Very nice job! Did you have to fish cables or is that external?


----------



## Rob_G (Feb 16, 2006)

Joe/GA said:


> Very nice job! Did you have to fish cables or is that external?


Everything is external but as you can see, it's VERY hard to see anything. Interesting concept though! //wheels start turning//


----------



## battalionchief3 (Jun 27, 2006)

A fish tape and mount the cable/110v outlet on the ceiling with a wall plate. Nice job.


----------



## Rob_G (Feb 16, 2006)

Joe/GA said:


> A fish tape and mount the cable/110v outlet on the ceiling with a wall plate.
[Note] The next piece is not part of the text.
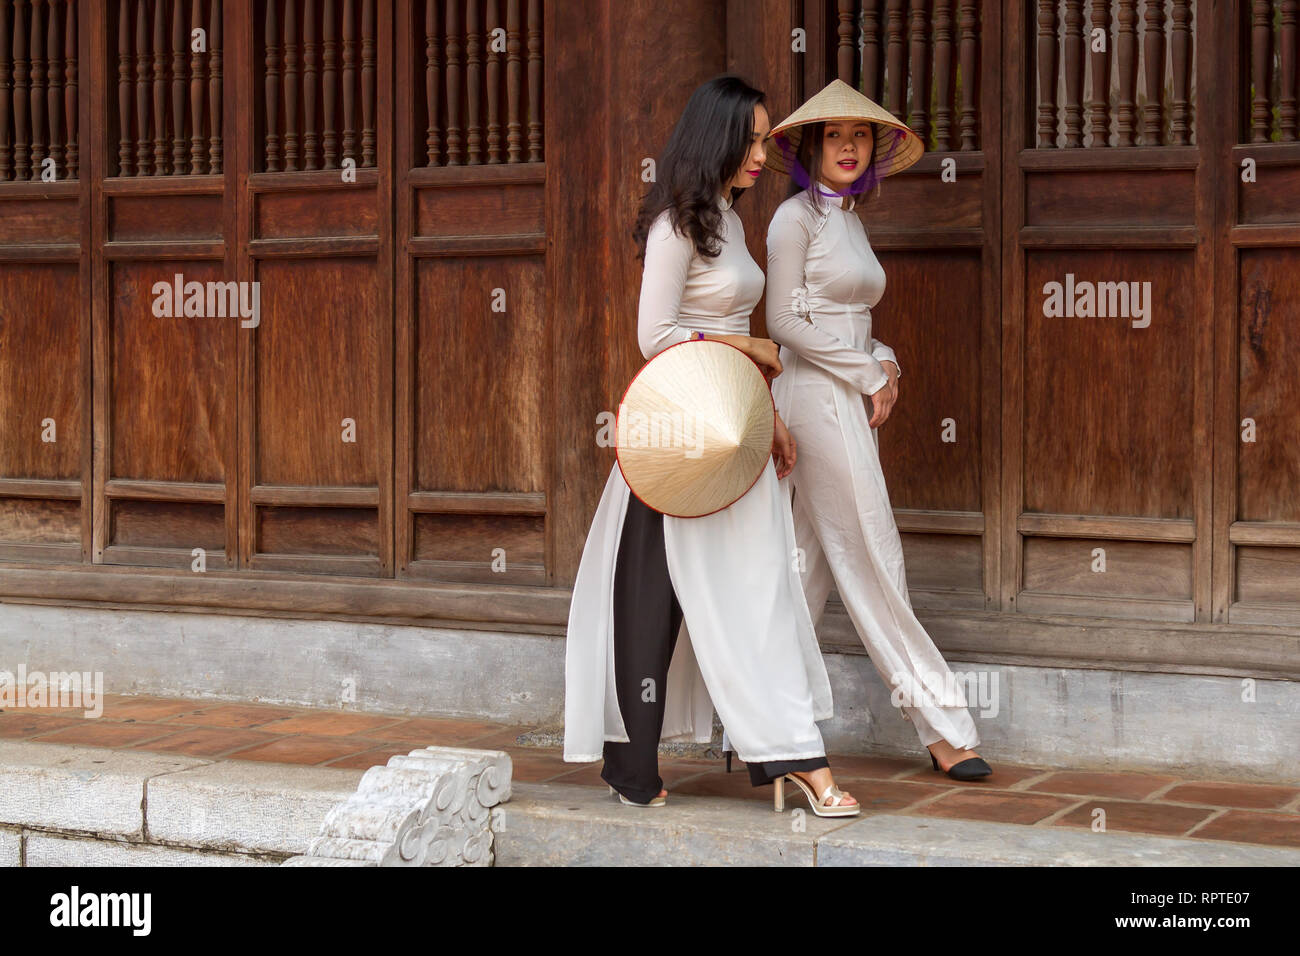 Giovane vietnamita le donne che indossano il tradizionale abito Ao IAM e il cappello conico Non La. ubicazione; Tempio della Letteratura ad Hanoi, Vietnam Foto Stock

Nice job.


Oh... now I get it. I thought you guys we're referring to hard wiring the power and cable connections. The cable/110V was already wired on the ceiling with wall plates. That's what made this so easy/no brainer. Didn't have to do a thing!









The trick was finding the aluminum beams to mount this ceiling mount in. Turns out everything was run 16" on center as normal.


----------



## Norsemen (Mar 1, 2010)

Rob_G said:


> I got tired of setting up and tearing down the LCD for the kids in the bunkhouse so I decided to install in on a folding ceiling mount. This way everything is always all setup and I just have to fold it up when heading out. Below are the pics....


Very nice. My 11 year old son just walked by and said, "We gotta do that. Awesome."


----------



## Rob_G (Feb 16, 2006)

Norsemen said:


> Very nice. My 11 year old son just walked by and said, "We gotta do that. Awesome."


Well I'll be up the road from you in Warrens for Memorial Day Weekend if you want to come by and check it out!


----------